Initiation of chemotherapy for all four treatment regimens was longer (mean time, 74 to 81 days) than the typical 30 days that would be expected. Prior research has shown that not only do treatment rates decline dramatically with increasing age [51], but older age is associated with delayed chemotherapy initiation [52] and lower rates of chemotherapy completion [53]. These age disparities in treatment patterns are associated with higher mortality [52, 53] and our results provide further support that demographic factors such as age should not discourage the use of guideline-recommended therapies.

Study Strengths and Limitations

This study has several strengths, including the large sample size from a population-based registry with a wide geographic representation of patients with CRC in the USA. The SEER–Medicare dataset provides inpatient and outpatient data, comprehensive information about covered services, all claims regardless of residence or care out of area, and longitudinal data with claims for services from the time a person is eligible for Medicare until the date of death. However, use of the SEER–Medicare data for this type of analysis has some limitations, particularly for determining accurate utilization rates of oral chemotherapeutic agents such as capecitabine. A recent comparison of Medicare claims with the National Cancer Institute's Patterns of Care studies showed that among patients with various cancers receiving chemotherapy (including stage II/III CRC), Medicare claims data more accurately identified agents that were intravenously administered [54].

In addition, the SEER–Medicare database does not provide data on performance status or lifestyle factors, such as smoking. These factors could have affected the treatment patterns we observed or clinicians' initial decisions to treat these patients. Furthermore, treatment patterns for the older population with Medicare coverage may be different from those used for younger patients and, therefore, the results might have limited applicability to younger populations in real-world settings. This analysis also does not yield information about patients enrolled in HMOs since these data are not collected by Medicare. It is conceivable that treatment patterns, prognosis, and complications may differ between HMO and Medicare enrollees. Previous studies found that Medicare HMO enrollees with colon cancer had better OS compared with fee-for-service (FFS) plan members [55, 56]. These mortality differences might have been due to higher use of screening and preventive services for HMO patients or the possibility that HMO enrollees tend to be healthier than FFS enrollees.

Conclusions

Overall survival for elderly mCRC patients who were treated under conditions of routine medical oncology practice was comparable between CAP and 5-FU/LV and between CAPOX and FOLFOX. These results are consistent with those reported among younger patients in randomized clinical trials.

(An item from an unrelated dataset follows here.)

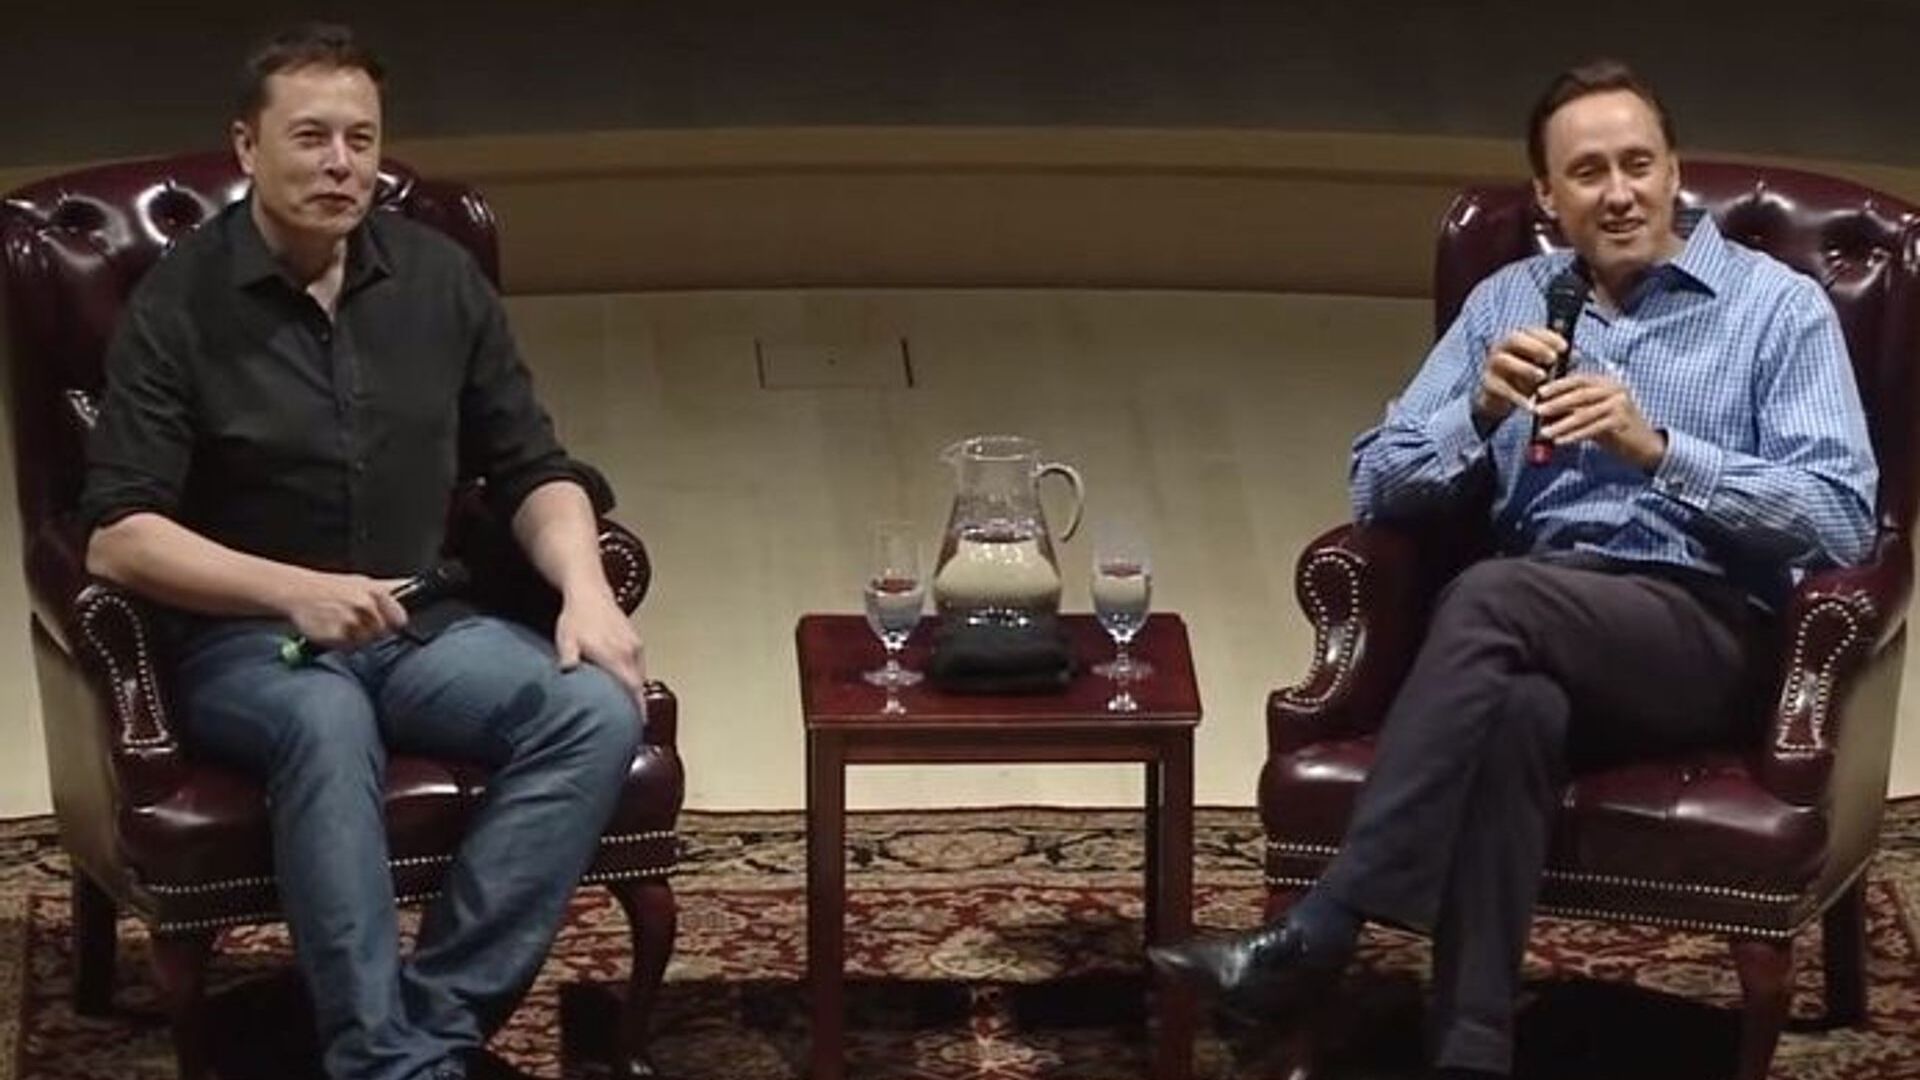 Beszélgetés a látnoki vállalkozó Elon Musk és a híres befektető, Steve Jurvetson között

The rate of treatment-related complications requiring medical resource use was lower for patients administered capecitabine monotherapy and in combination with oxaliplatin compared with 5-FU/LV and FOLFOX, respectively. These findings confirm that capecitabine-based regimens are an appropriate treatment choice for elderly patients with mCRC. These data also offer support for the use of treatments for elderly patients that are consistent to those administered to younger patients and imply that age should not discourage the use of guideline-recommended therapies for mCRC.

Further research is required to evaluate patterns and outcomes of care for patients with varying performance status since this information is not included in the SEER–Medicare database and we were unable to examine possible interactions between performance status and prognosis and the incidence of treatment-related complications. Another area that warrants further research is a comparison of the treatment patterns, prognosis, and complications of patients enrolled in HMOs compared with those in FFS plans.